The Atlas moths, one of the world’s largest moths in the world has been officially reported in the US for the first time. originating from the tropical forests of Asia, entomologists are still scratching their heads as they do not understand how it’s made its way to America

The first specimen was reported to the Washington State Department of Agriculture (WSDA) by a local citizen named Patrick C Tobin who is an associate professor f ecology at the University of Washington. He reported that his first encounter with the Atlas moth was on the 7th of July, but only a month later the lant Health Investigation Service at the United States Department of Agriculture (USDA) confirmed that it was actually an Atlas moth. 

“It was pretty amazing to see a live adult moth and to hold it in my hand. I teach a tropical ecology course in Costa Rica through my University, so I am used to seeing some pretty amazing insect species in the tropical forests.
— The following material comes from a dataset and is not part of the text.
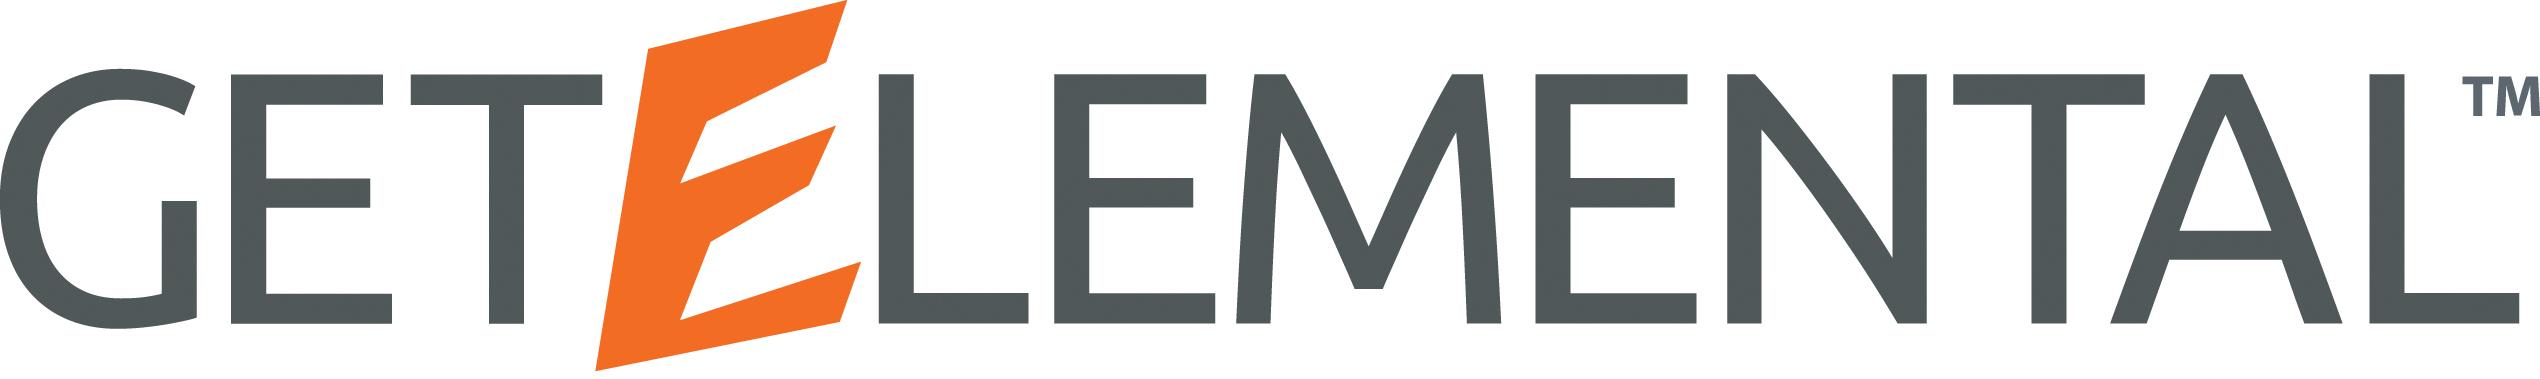 Get Elemental
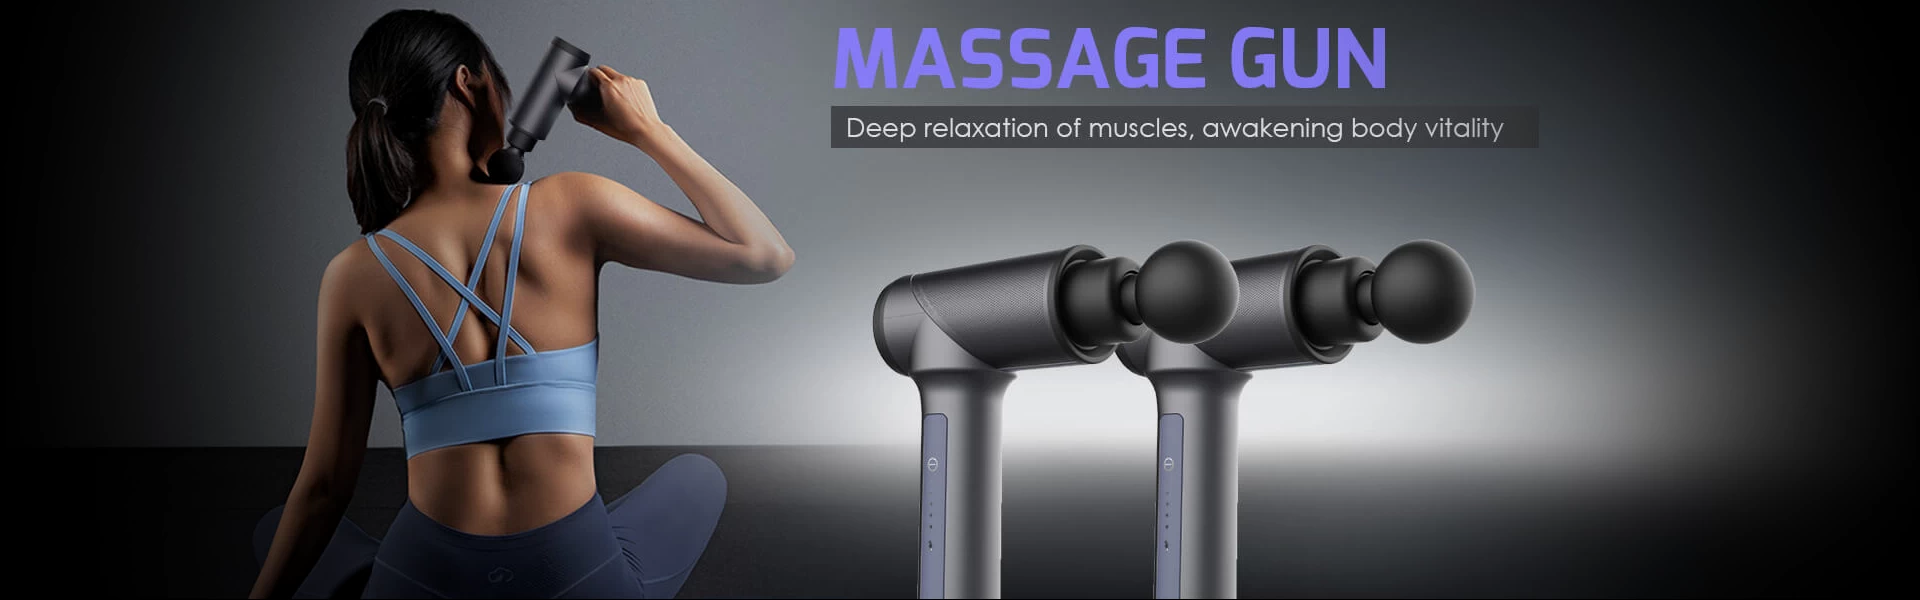 Best Massage Home Use

But seeing this live moth, which is considered to be the largest in the world, was special,” (Quote by Patrick C Tobin)

Their wingspan of over 10 inches makes them the biggest flying insect. The name Atlas comes from the patterns on the wings which look like a map. The species is considered a federally quarantined pest in the US, meaning it is illegal to obtain, harbor, rear, or sell live moths without a permit from USDA. This is because the species could be invasive to other native insects or to the overall ecosystem. 

Such restrictions make the appearance of specimens in the US even more strange. Professor Tobin thinks that the moths may have come from Thailand and sold as live cocoons in the US through eBay. 

“An individual from the Bellevue area of Seattle, from where the adult moth was found, was selling live cocoons of the Atlas moth sourced from Thailand on eBay. This is by far the most logical explanation for finding the adult moth,” (Quote by Patrick C Tobin)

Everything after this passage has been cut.